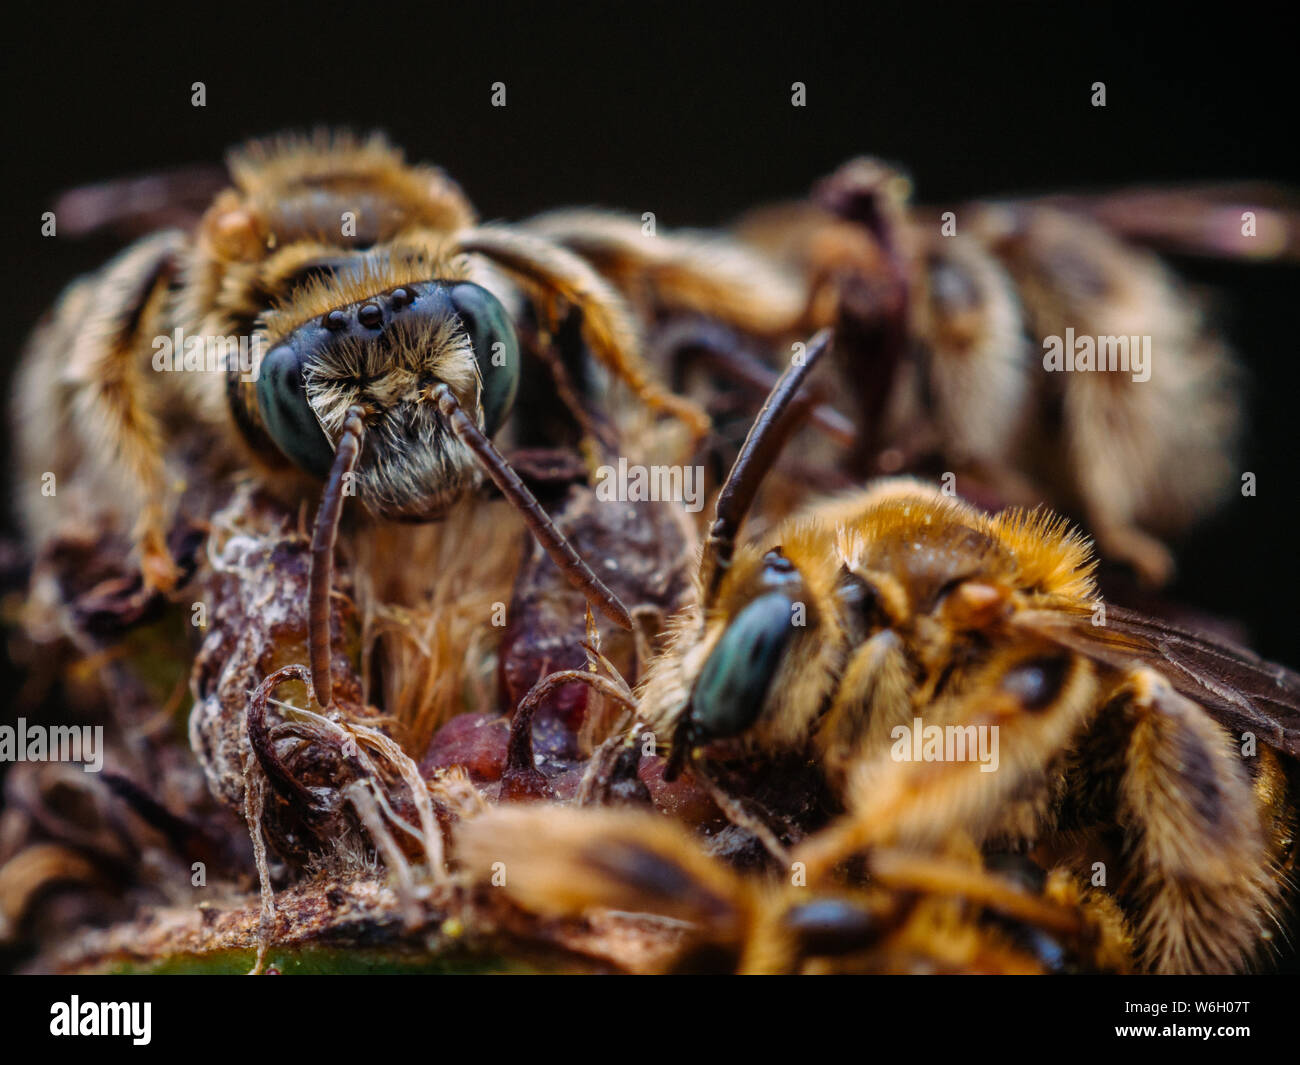 Groupe d'abeilles sauvages dormir ensemble, close-up photo détaillée Banque D'Images
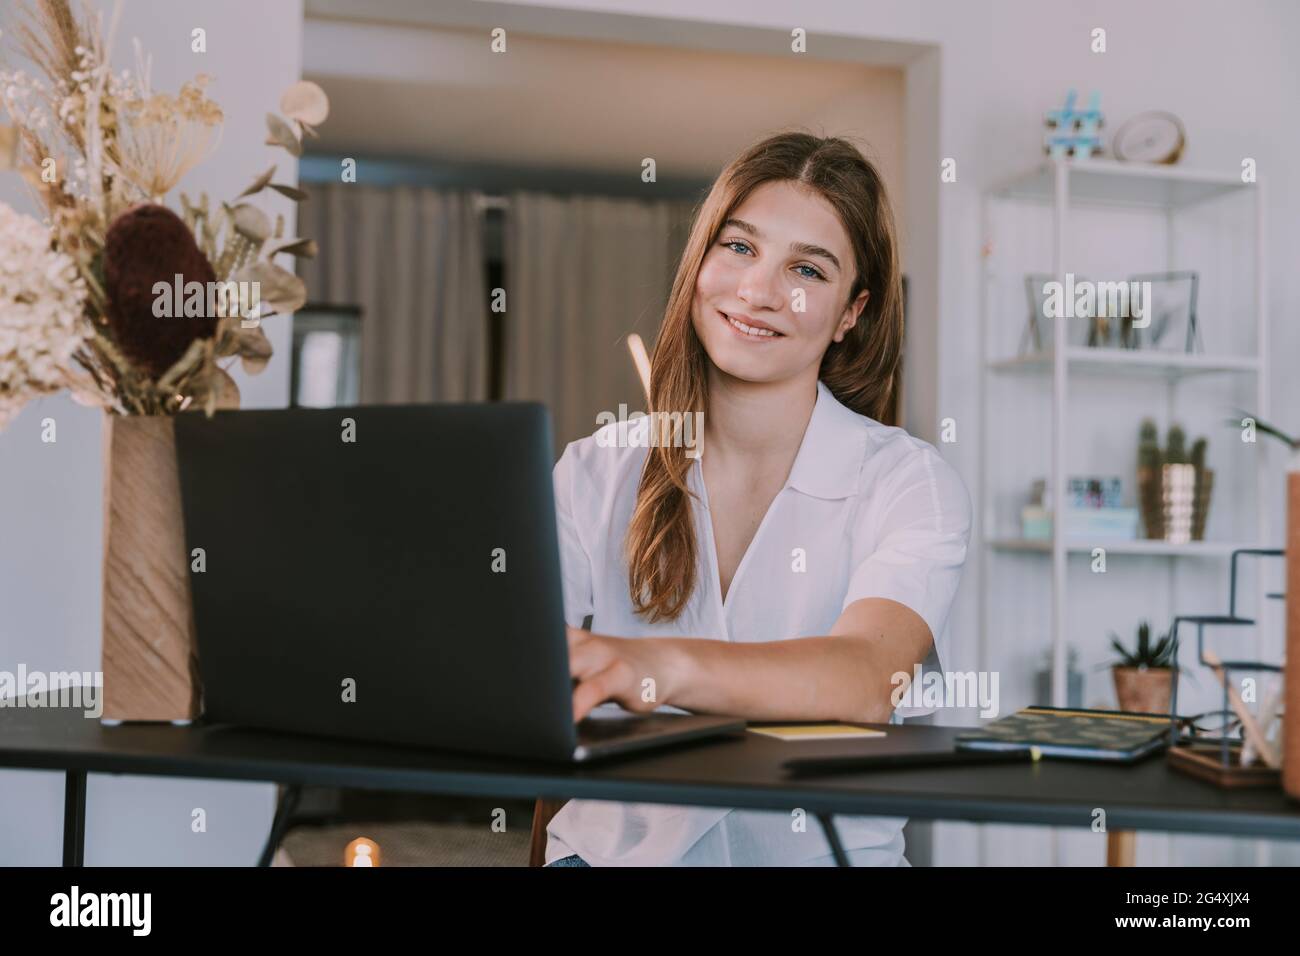 Femme souriante étudiant utilisant un ordinateur portable sur le bureau à la maison Banque D'Images
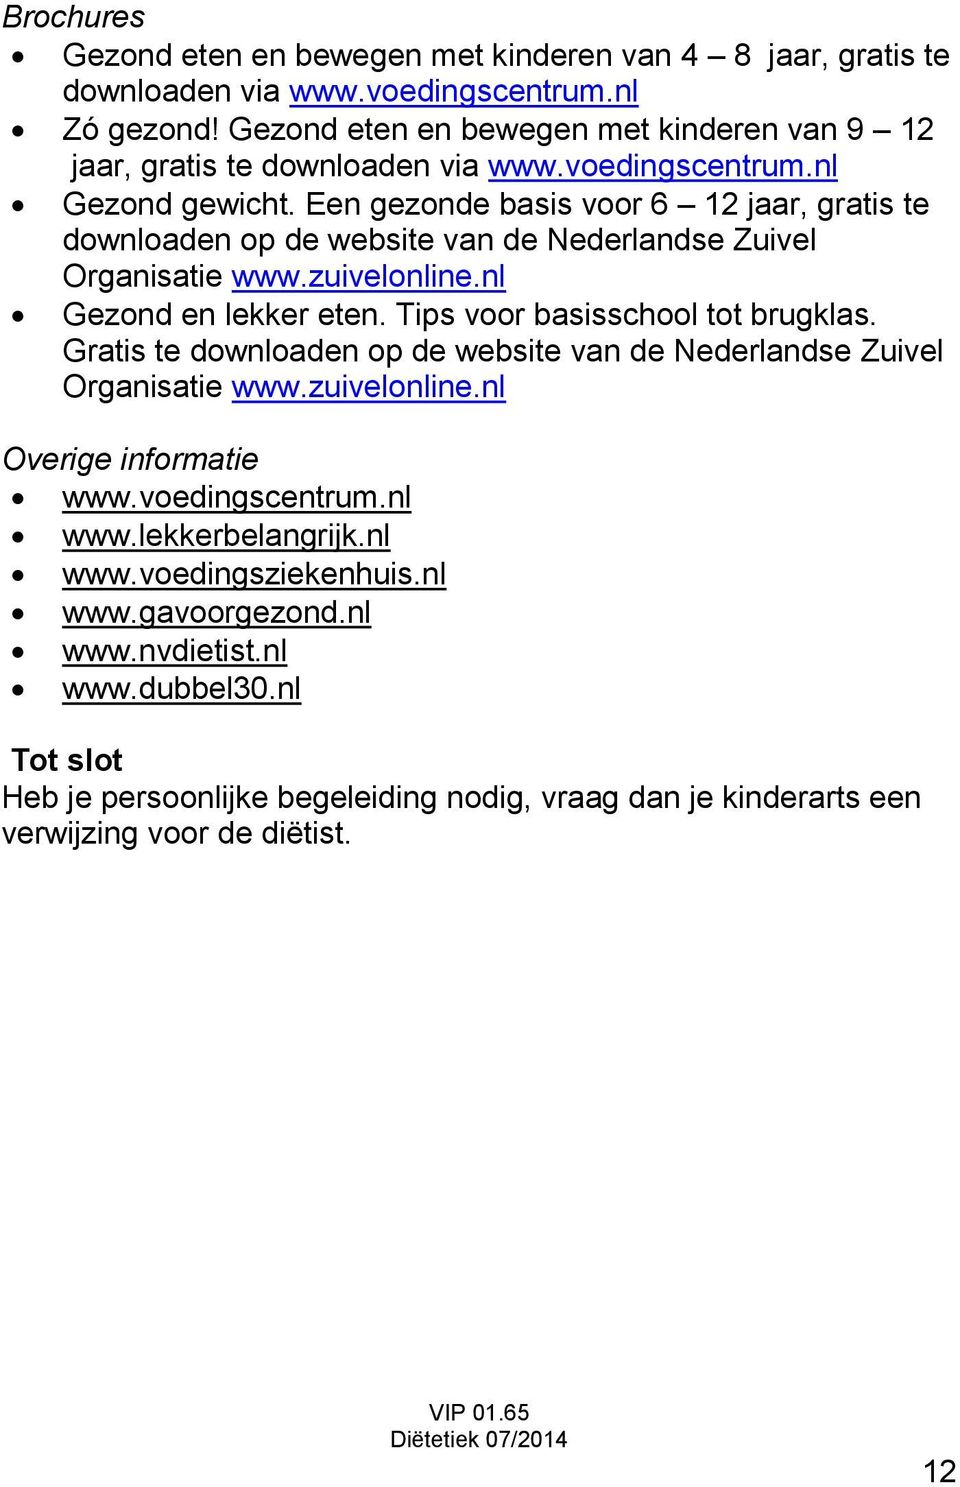 Een gezonde basis voor 6 12 jaar, gratis te downloaden op de website van de Nederlandse Zuivel Organisatie www.zuivelonline.nl Gezond en lekker eten. Tips voor basisschool tot brugklas.

Task details
Write out the material above without changing a word, and skip any picture.

Response area
 Groupe d'abeilles sauvages dormir ensemble, close-up photo détaillée Banque D'Images
 Femme souriante étudiant utilisant un ordinateur portable sur le bureau à la maison Banque D'Images
 Een gezonde basis voor 6 12 jaar, gratis te downloaden op de website van de Nederlandse Zuivel Organisatie www.zuivelonline.nl Gezond en lekker eten. Tips voor basisschool tot brugklas.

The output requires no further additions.